4.3. Uit het verzekeringsgeneeskundig onderzoek van 14 april 2008, dat toen heeft geleid tot het stellen van een urenbeperking tot ongeveer vier uur per dag en twintig uur per week, blijkt onder meer dat het werk als postbesteller dat appellant op dat moment deed hem zwaar viel, dat appellant overdag veel moest rusten, een algeheel zieke indruk maakte, leed aan een stemmingsstoornis, toegenomen moe was vanwege verslechtering van diabetesproblematiek en een energetische stoornis had. De verzekeringsarts die appellant op 3 maart 2010 heeft onderzocht, heeft gerapporteerd dat de suiker volgens informatie van appellant redelijk goed is ingesteld, dat appellant na zijn werk als postbesteller ’s avonds nog vrijwilligerswerk deed, geen algeheel zieke indruk maakte en dat er geen aanwijzingen waren voor psychopathologie en/of ernstige persoonlijkheidsproblematiek. Voor een urenbeperking waren volgens deze verzekeringsarts geen medische argumenten aanwezig. De bezwaarverzekeringsarts die appellant in de bezwaarfase heeft onderzocht, heeft in zijn rapport de bevindingen en de conclusie van de verzekeringsarts onderschreven. Volgens hem waren de in het verleden gestelde urenbeperkingen achteraf bezien niet geïndiceerd, omdat appellant veel actiever bleek te zijn dan hij had doen voorkomen. Los daarvan bleek uit het dagverhaal van appellant naar het oordeel van de bezwaarverzekeringsarts niet dat appellant met ingang van 1 augustus 2010 ’s ochtend niet zou kunnen werken. De stabiele, goed gereguleerde suikerziekte en de bevindingen ten aanzien van de psychische situatie rechtvaardigden een urenbeperking per die datum niet, aldus de bezwaarverzekeringsarts.

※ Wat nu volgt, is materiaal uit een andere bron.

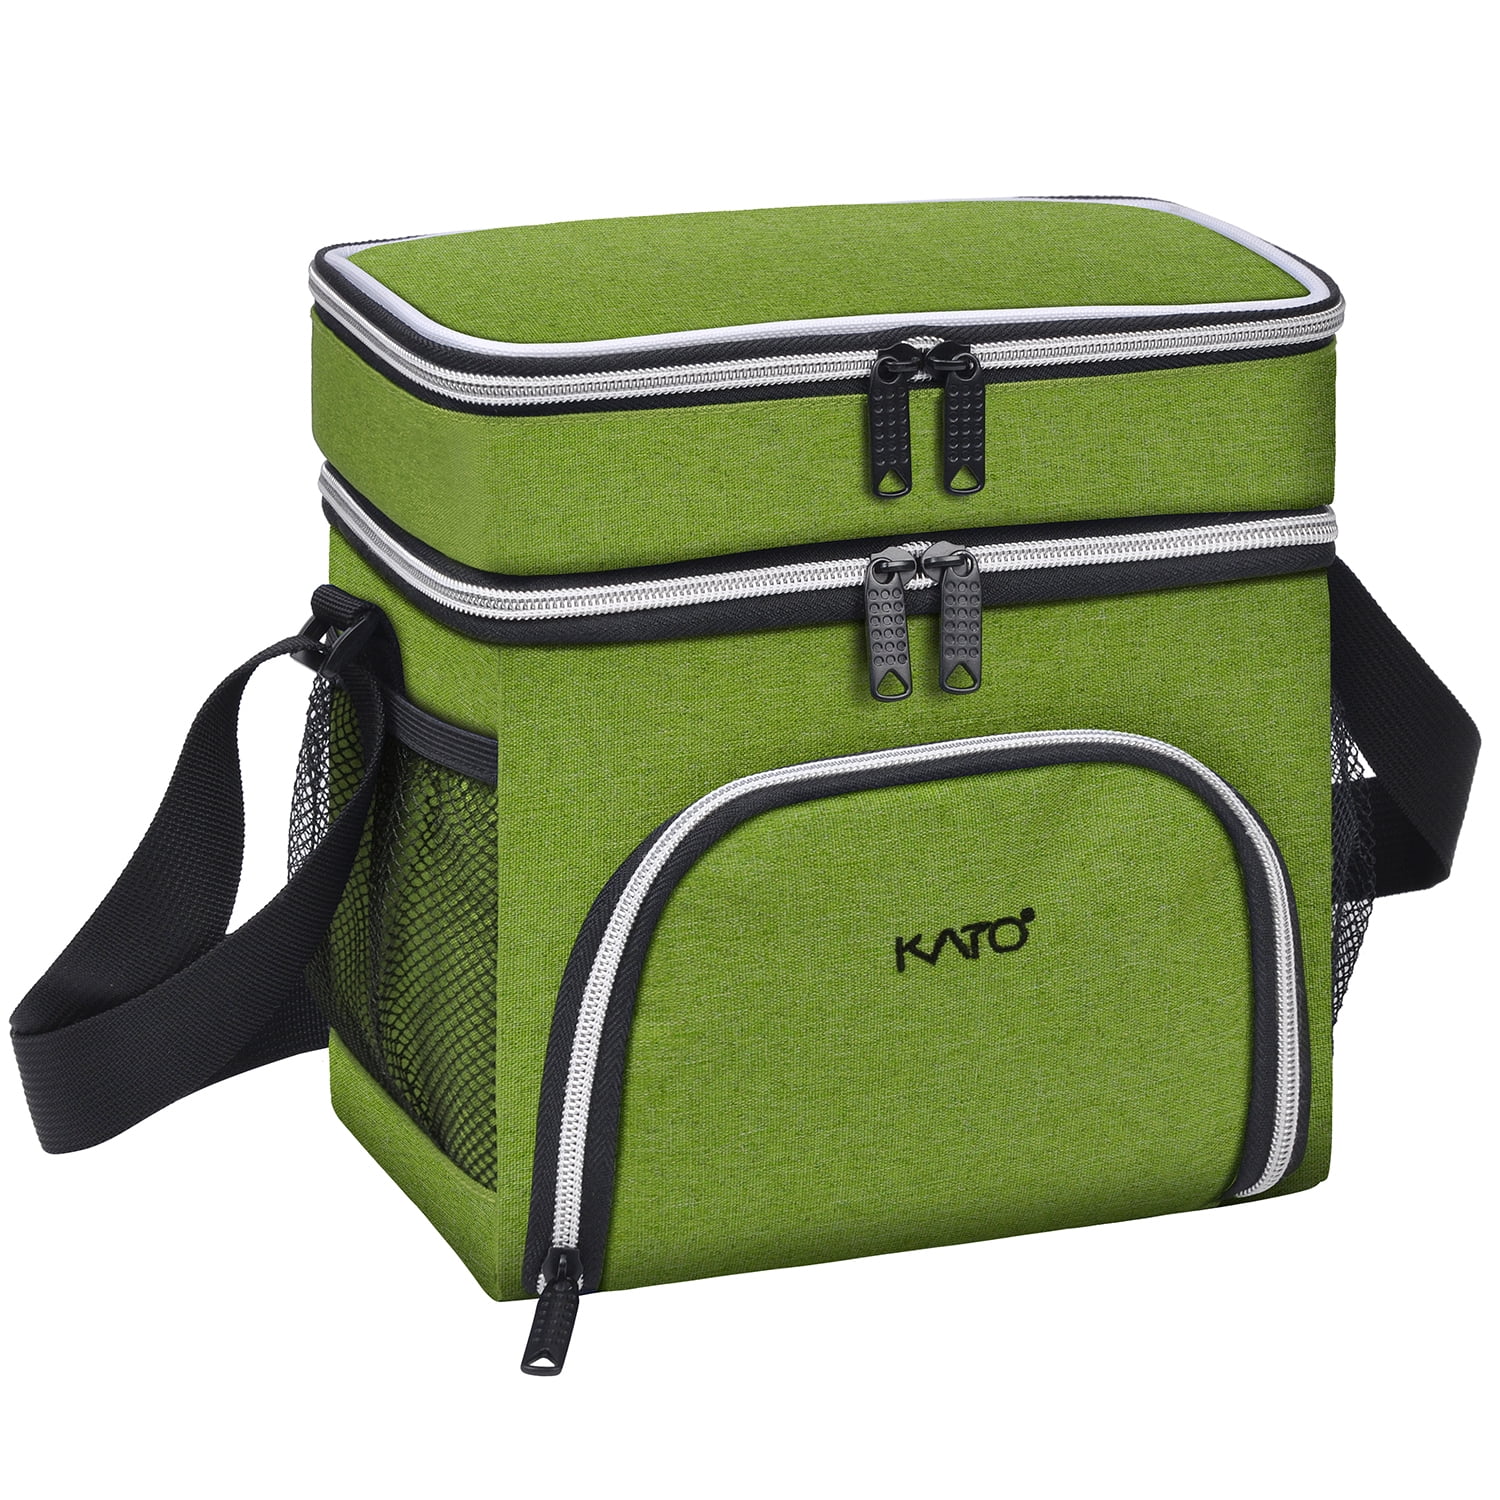 Insulated Lunch Bag Thermos Bento Container Cooler Totes Dual Compartment with Shoulder Stripe

4.4. De rechtbank heeft terecht de motivering voor het laten vervallen van de urenbeperking terecht toereikend geacht. Het laten vervallen daarvan is gebaseerd op medische gegevens, waaruit blijkt van een verbeterde situatie per 1 augustus 2010 ten opzichte van 17 april 2008. De stelling van appellant dat het onderzoeksrapport redengevend is geweest voor het laten vervallen van de urenbeperking wordt dan ook niet gevolgd.
4.5. Uit 4.1 tot en met 4.4 volgt dat het hoger beroep niet slaagt en de aangevallen uitspraak moet worden bevestigd.
5. Voor een proceskostenveroordeling is geen aanleiding.
BESLISSING
De Centrale Raad van Beroep bevestigt de aangevallen uitspraak.
Deze uitspraak is gedaan door H.G. Rottier als voorzitter en B.M. van Dun en M. Greebe als leden, in tegenwoordigheid van J.R. Baas als griffier. De beslissing is uitgesproken in het openbaar op 27 februari 2013.